NASA Grants an Additional $100 to Develop Private Space Stations

14th Jan 2024
NASA Grants an Additional $100 to Develop Private Space Stations

NASA has granted almost $100 million in extra funding to companies working on low Earth orbit infrastructure. 

As the International Space Station (ISS) is scheduled to retire in 2030, NASA has collaborated with Voyager Space and Blue Origin under its Commercial Low Earth Orbit Destinations (CLD) project to conceptualize a new orbiting laboratory. On the 5th of January, NASA made adjustments to its current Space Act Agreements, including reallocating funds and adding new development landmarks. 

According to a statement from the space agency, NASA’s director of commercial space, Phil McAlister, stated that the partners and NASA would greatly benefit from the new milestones, facilitating a seamless transition from the ISS to privately-owned low Earth orbit infrastructure. 

NASA Awards Additional Funding to Blue Origin and Voyager Space for Developing New Commercial Space Stations

Blue Origin has been granted an extra $42 million, in addition to its $130 million grant, to work on developing the Orbital Reef low Earth orbit space station concept with the aid of several other companies, including Amazon, Boeing, and Sierra Space. As per the statement, the increased funding will support technology maturation and further component design reviews, along with the station’s sustaining systems, like atmospheric monitoring and water filtration. 

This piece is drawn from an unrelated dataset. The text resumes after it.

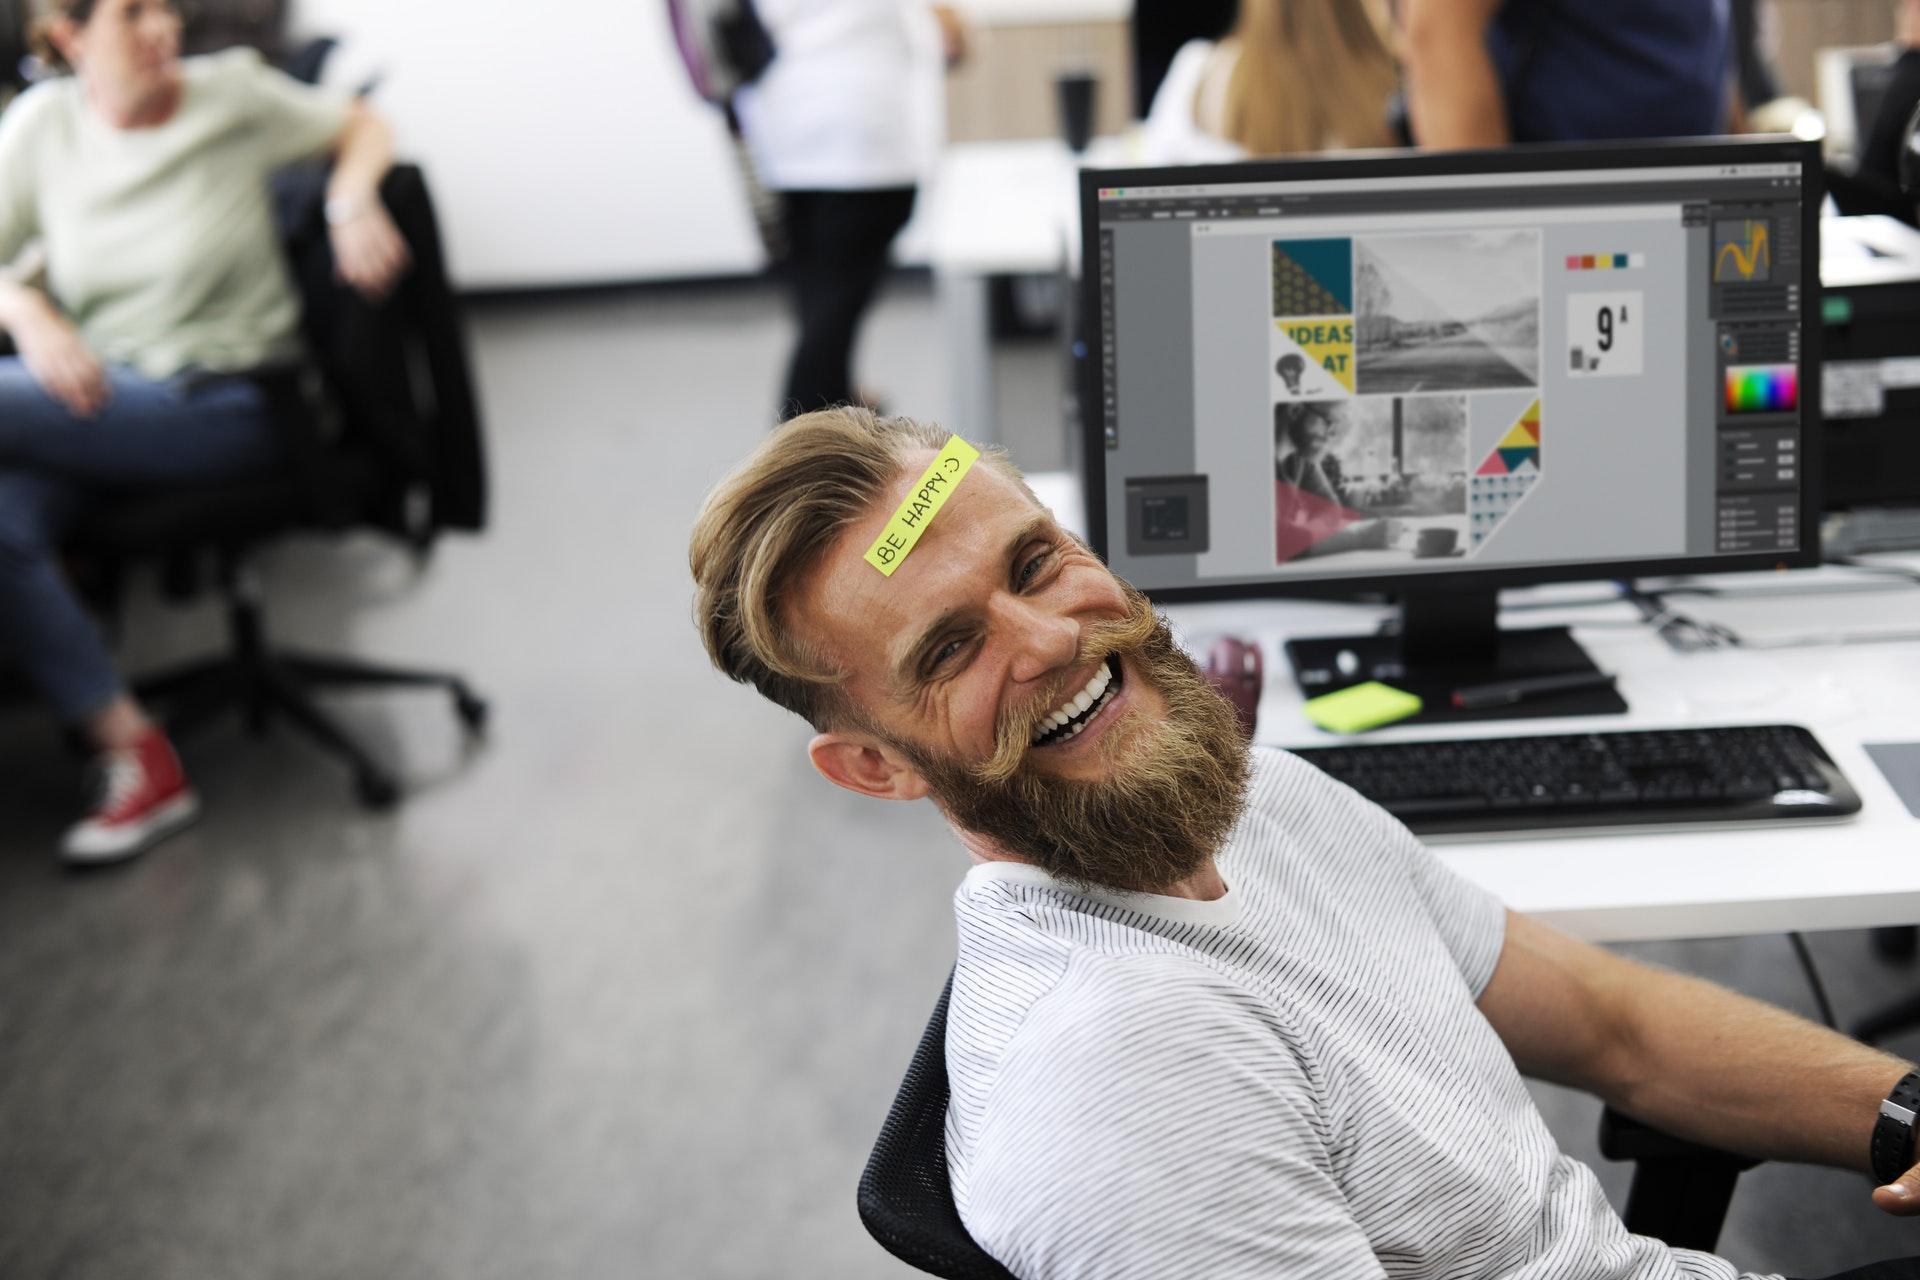 Freude am Arbeitsplatz

Voyager Space has been granted an additional $57.5 million to its initial $160 million grant for designing the Starlab orbiting complex, which is being developed in collaboration with Lockheed Martin, Northrop Grumman, and Nanoracks. The additional funding will help accomplish numerous development landmarks geared towards assembly, testing, operating, and integration, along with a proximity operations demonstration and rendezvous. 

Voyager Space and Northrop Grumman Enter into Partnership, Resulting in Reallocated Funds

The extra funding awarded to Voyager Space is set to be utilized to advance Northrop Grumman’s Cygnus spacecraft after the two companies entered into a new partnership agreement. Prior to this agreement, Northrop Grumman and NASA had established a separate Space Act Agreement to work on their own orbital station. However, Northrop Grumman has since revealed that it will collaborate with Voyager Space to carry cargo toward Starlab via its Cygnus spacecraft. 

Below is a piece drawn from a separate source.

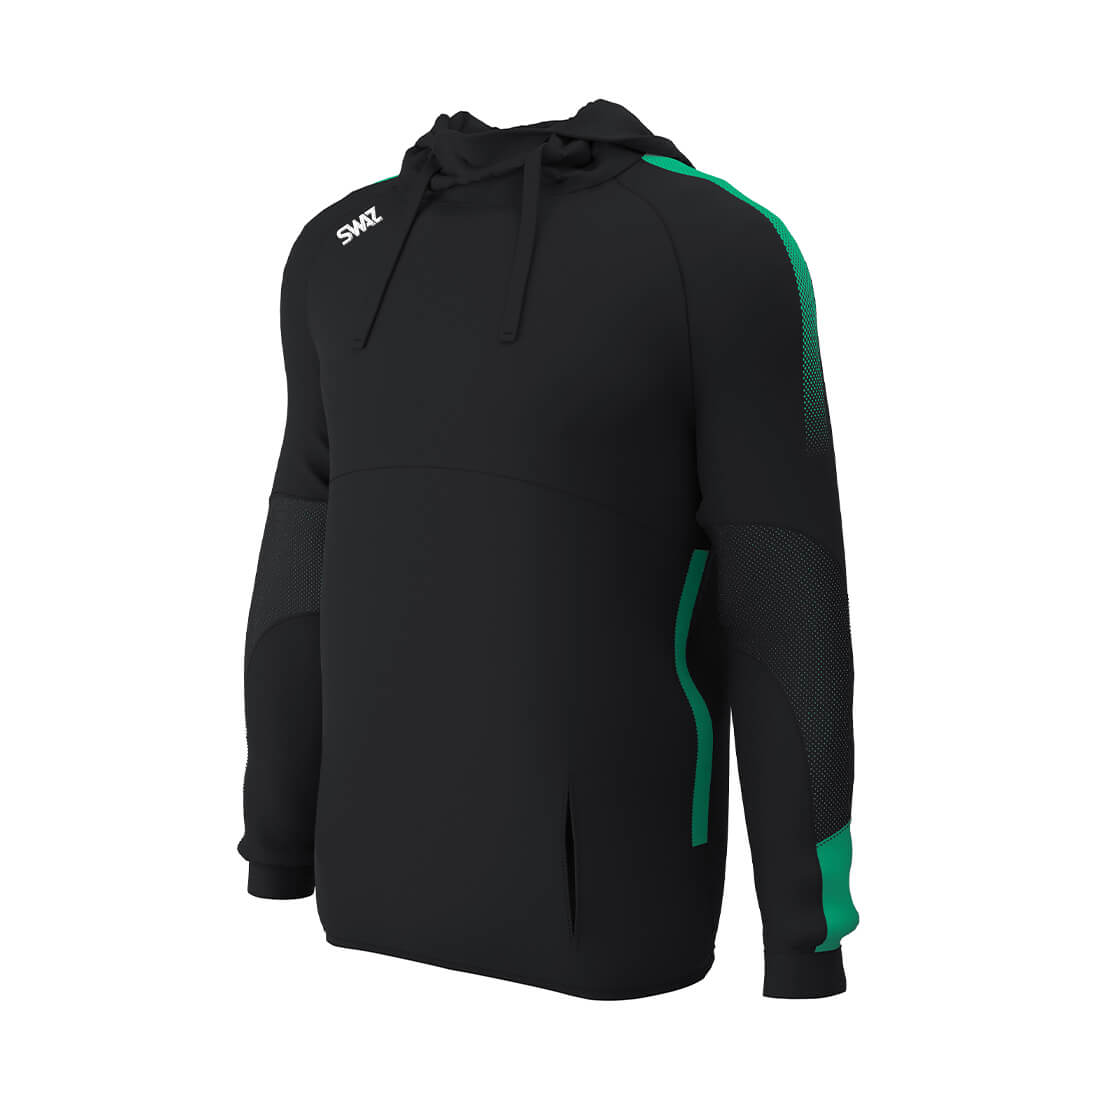 Elite Youth Football Hoody | Football Training Kit and Teamwear – SWAZ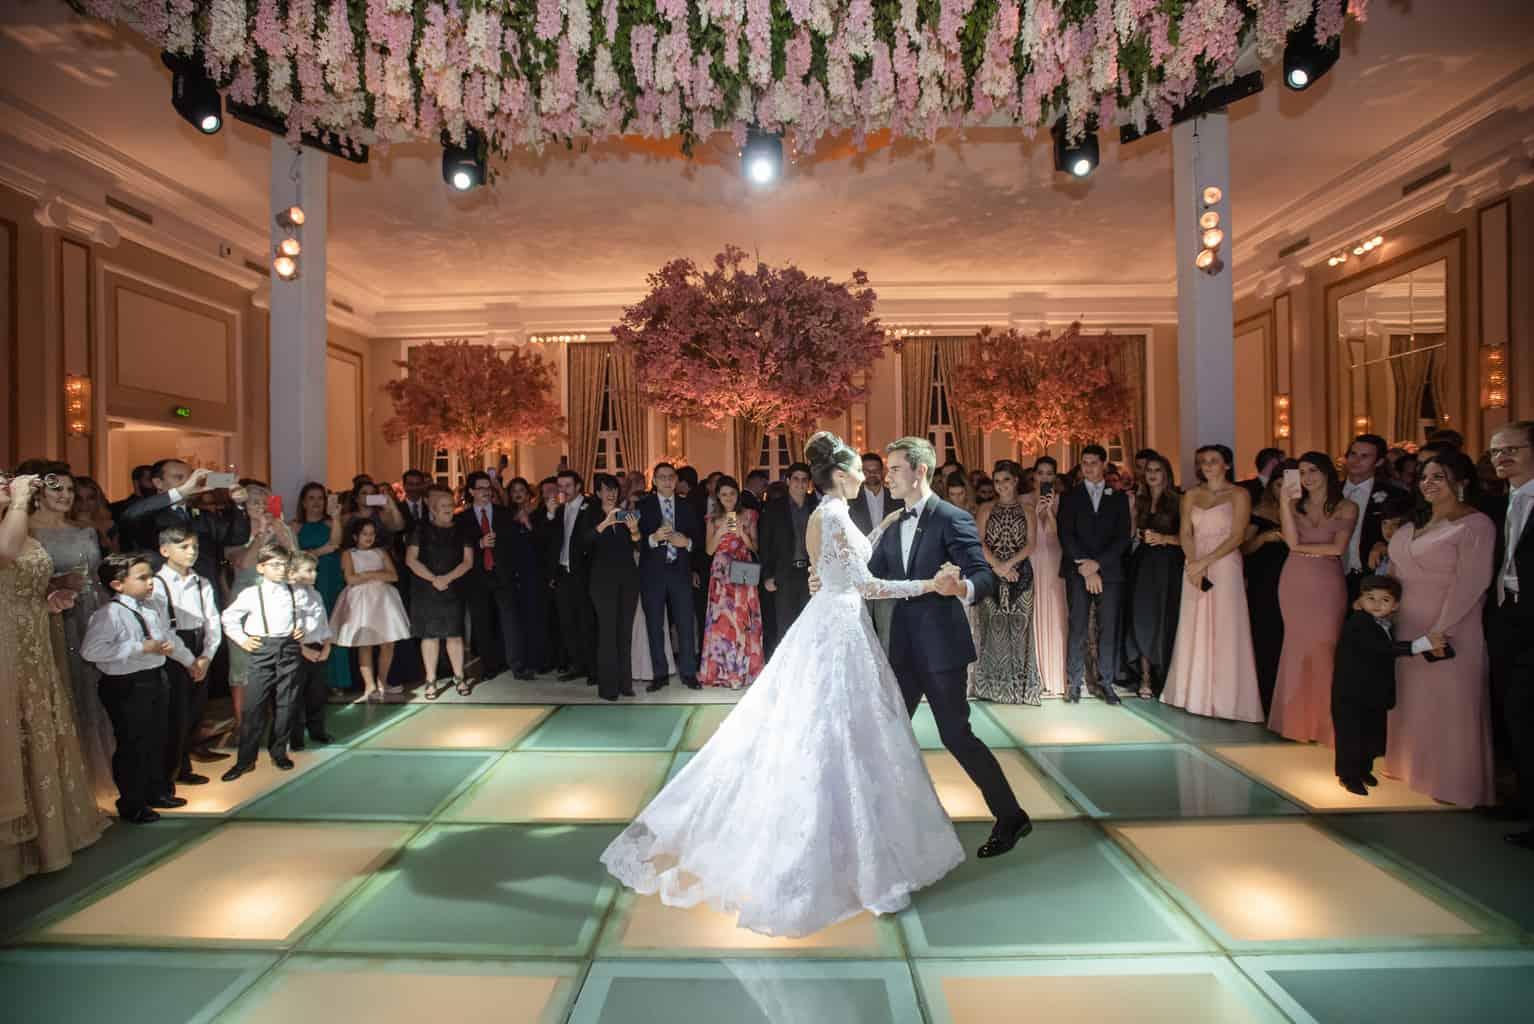 casamento-Patricia-e-Thiago-Copacabana-Palace-Daniel-Curz-A-Roseira-Paula-Rocha-Marina-Fava-festa1487-Patricia-e-Thiago-MFF_1647

Due to this collaboration, Northrop Grumman terminated its contract with NASA, and a combined amount of $99.5 million in program funding, including the remaining funds from Northrop Grumman’s agreement, were reallocated to Voyager Space and Blue Origin. A portion of the reassigned funds will be utilized to update the Cygnus spacecraft, allowing it to dock with Starlab.

NASA has teamed up with several companies to conceptualize and construct commercial space stations as well as facilitate research, testing, and training in space. The goal is to commence operations before the ISS is phased out in 2030.